Can I set up 2 fog servers to image a pool of hosts at the same time from the same build request
llightfoot last edited by llightfoot
My organization has come to really depend on FOG. They wanted me to build a hot standby server incase the primary one goes bad because we are running on physical hosts, and sometimes we can be imaging 100’s of laptops within a week it could be super critical to deadlines if this box went down.
Since we spent the money on new hardware to mirror the existing physical FOG server, I was curious if there was a way to utilize both at the same time. Is anyone else doing something similiar. How would I config FOG to do this?
Right now FOG is not the dhcp server, but our dhcp server is sending the laptops a dhcp request which tells all the new laptops where the fog server is to get PXE booted. knowing what my environment looks like how should i build this second server to maximize the functionality of having 2 beefy fog servers. I’d hate to leave it as a hot standby.

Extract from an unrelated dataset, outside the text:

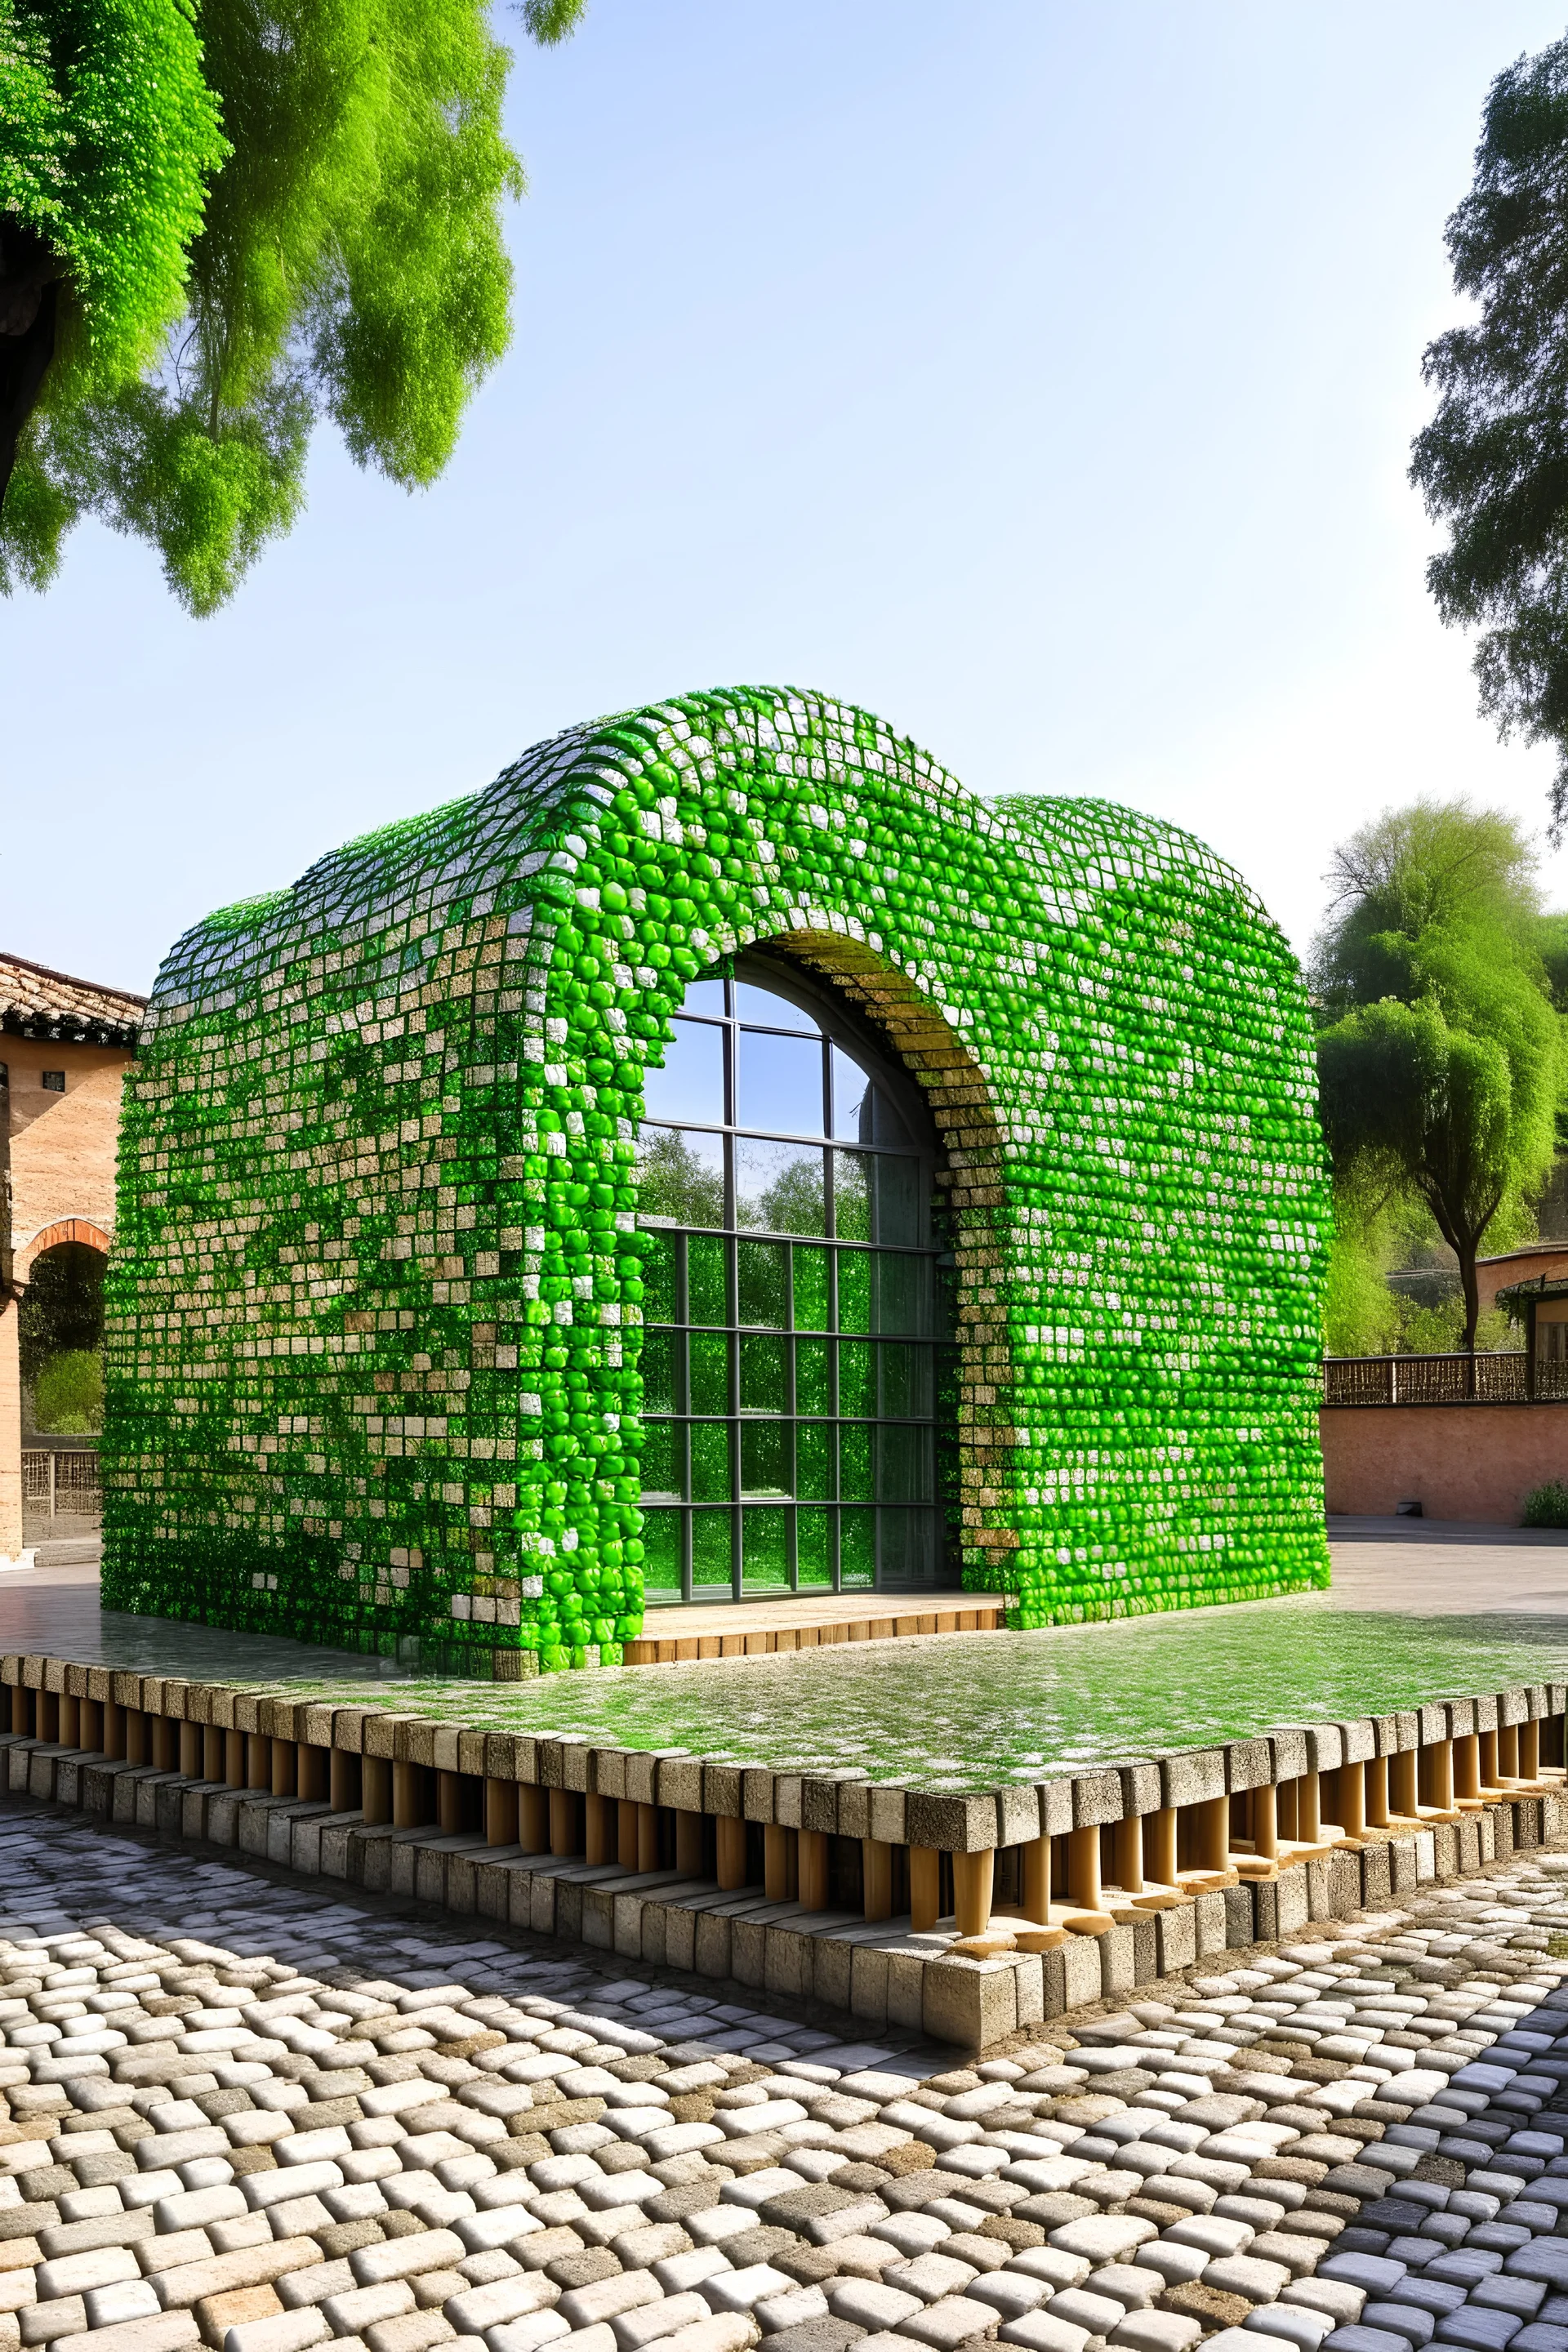 Pavilion made of recycled materials like recycled glass and recycled wood, at a historical site in Mexico, that hosts temporary exhibitions of local and national artists, promoting the art and culture of the region of Puebla. The design needs to be curvilinear and organic

Wayne Workman last edited by Wayne Workman
George’s post is valid. Just wanted to add that regular ole storage nodes within the same storage group will load share. You’d set the max hosts on each storage node to accomplish this.
george1421 Moderator last edited by
@llightfoot You could spin up a new (clone) of the production FOG server. Make it a full FOG server. This “backup” FOG server will be added as a storage node to your primary FOG server’s as the master node.
The main technical differences between a storage node and a full FOG server is that the full FOG server has the FOG database on it, where a storage node does not.
When you manually add this second full FOG server as a storage node on your master node, the master node will sync all of the raw data files from the current production FOG server to your faux storage node. This will keep the image files you create on the main fog server in sync on the backup FOG server. The only gotcha in this configuration is that you need a way to copy the FOG database from the production server to the backup FOG server. You can do this with a little scripting to use the mysqldump command to export the data from the master node and then rsync or scp to copy it over to the backup storage node.
As a side note, unless you have a lot of computers with the FOG client installed banging on the FOG server, you don’t need a fog server with a lot of horsepower. I can run FOG on a Raspberry Pi. With that said, all you really need for a fog server is a computer with a fast network and fast disk. Now imaging 100s of computers in a week you must be doing something extraordinary with your fog setup. Bravo for that!